The U.S. Department of Labor appears to be holding off on its plan to create another version of the fiduciary rule, according to an executive for the Securities Industry and Financial Markets Association (SIFMA).
"What we are now hearing is that they do not intend to issue anything anytime soon,” Lisa Bleier, general counsel for SIFMA, said at the group's private wealth conference yesterday.
The DOL announced plans to create yet another version of its fiduciary rule last year, but has been under pressure from securities industry lobbyists to avoid a reprise of the Obama-era fiduciary rule that was overturned in 2018.
Bleier said she believes the DOL has convinced the Biden administration to wait to see if new sales practice rules are effective first.
“Career staff at the DOL have been speaking publicly about the fact that they intend to offer up a new change to the definition of fiduciary, as well as changing some of the exemptions we currently use,” Bleier said. “So at SIFMA we have been pushing back through outreach to the [Biden] administration as well as many of the people who worked with us closely on Capitol Hill over the past several years."

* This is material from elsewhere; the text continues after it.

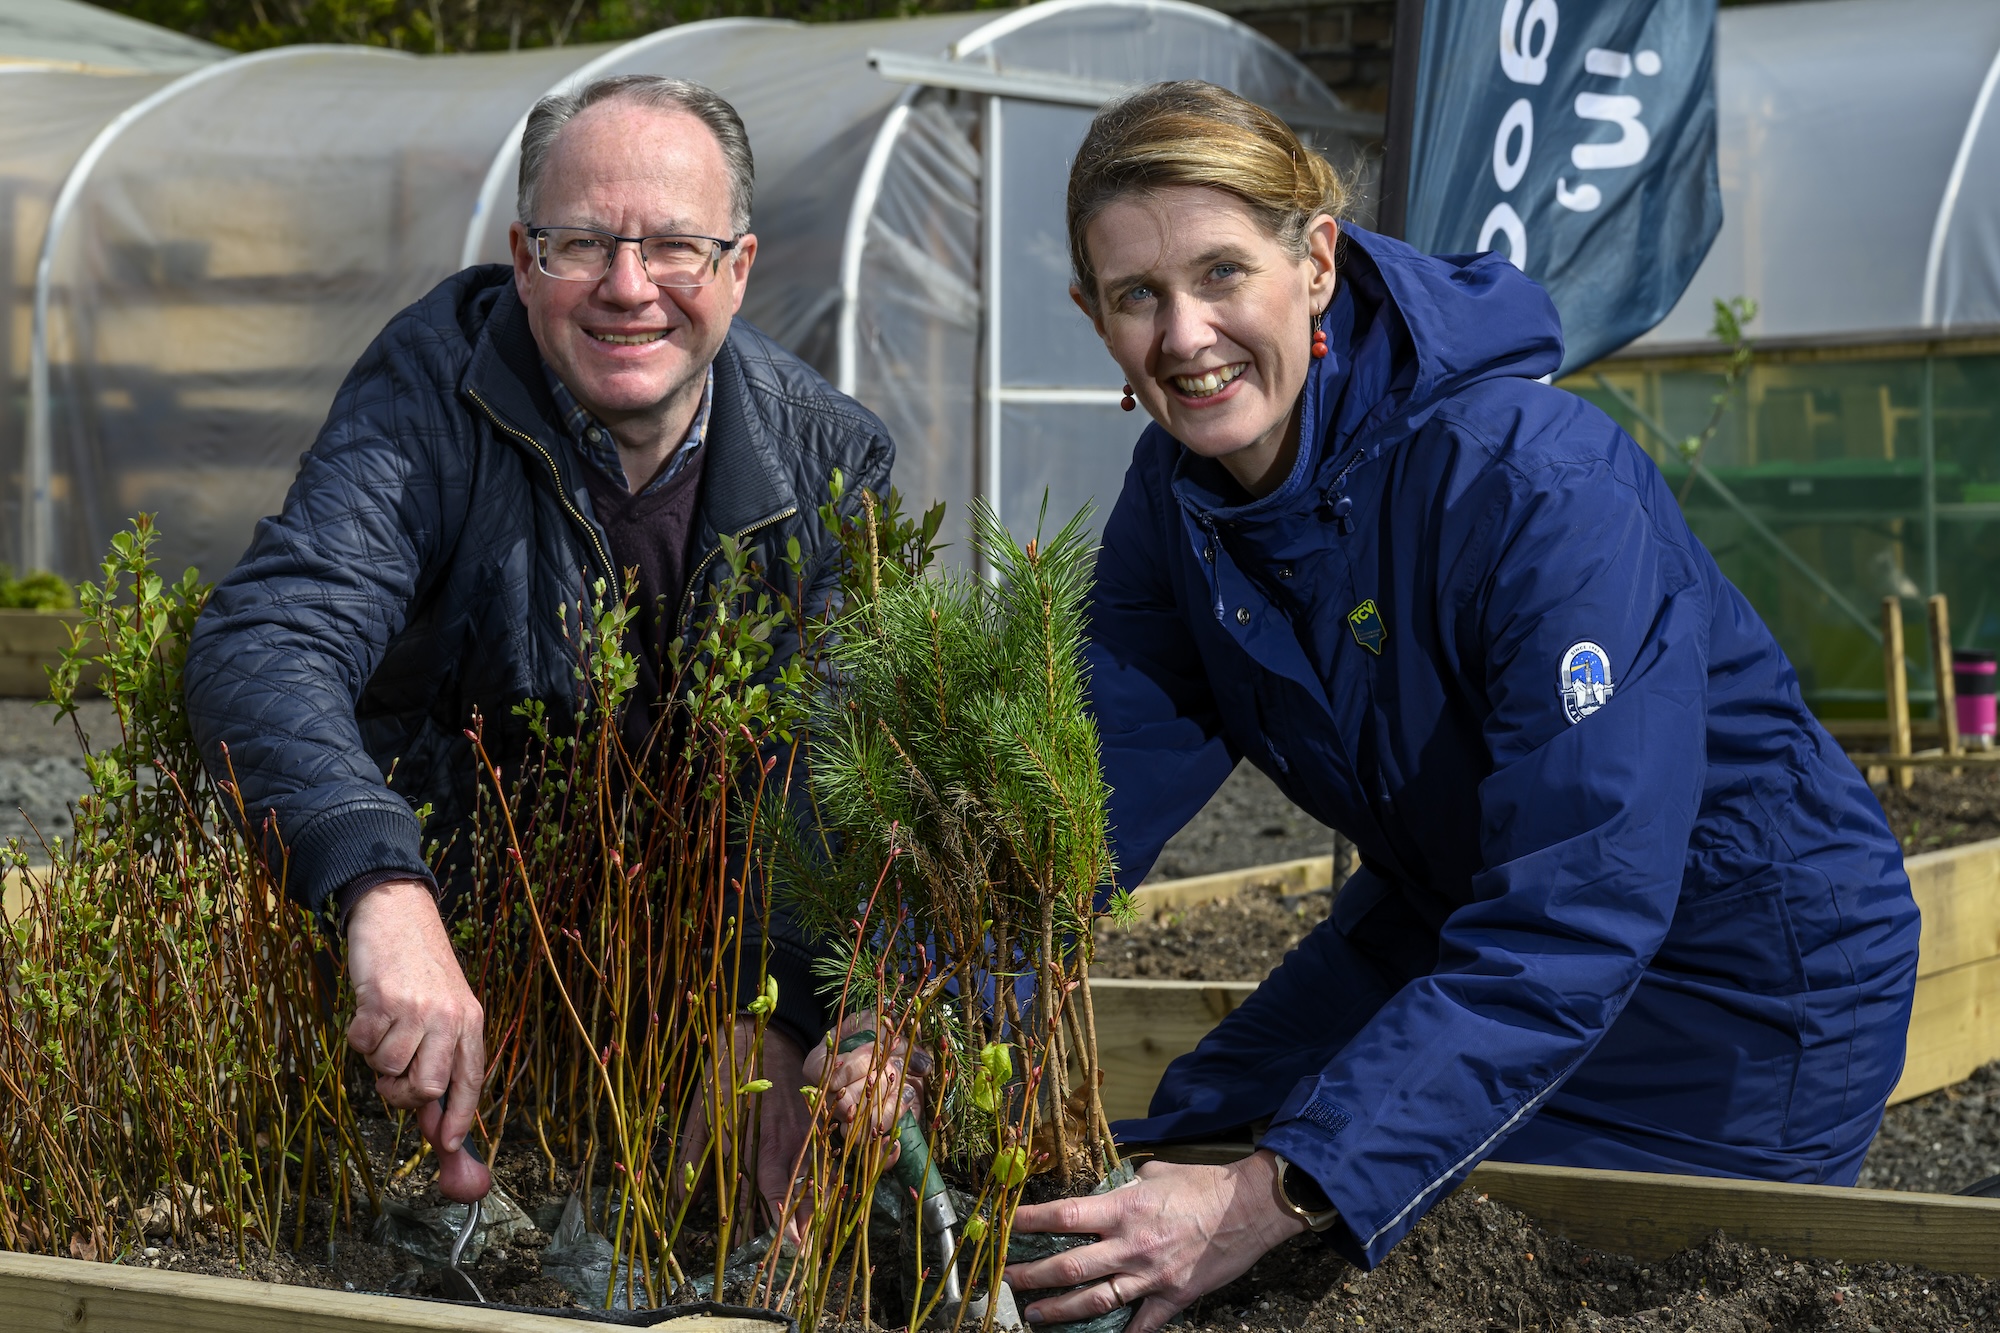 Royal Bank of Scotland partners with The Conservation Volunteers to nurture Scotland's green spaces

Word of the DOL's hesitation "might mean that that they’ll wait until after the upcoming elections, but we do know we have to keep the pressure on," she said.
DOL spokesman Grant Vaught told Financial Advisor that “developing a rule addressing the definition of fiduciary continues to be a priority for EBSA [the Employee Benefits Security Administraton]. EBSA undertakes rulemaking in a deliberative fashion that carefully balances the interests of the regulated community and those they serve while taking every step to ensure the security of the retirement, health and other workplace-related benefits of America’s workers, retirees and their families," Vaught said.
Lobbyists from both SIFMA and the Financial Services Institute have taken the lead on the issue and met with House lawmakers’ staff in late February in an attempt to head off another DOL rule.
While the industry keeps its eye trained on new rulemaking activity, firms are operating under an existing DOL fiduciary rule that was passed in the final weeks of the Trump Administration and only went into effect in February.
The regulation provides an exemption that allows advisors to accept compensation that would otherwise be prohibited, including commissions and 12b-1 fees, as long as they act in the best interests of their customers.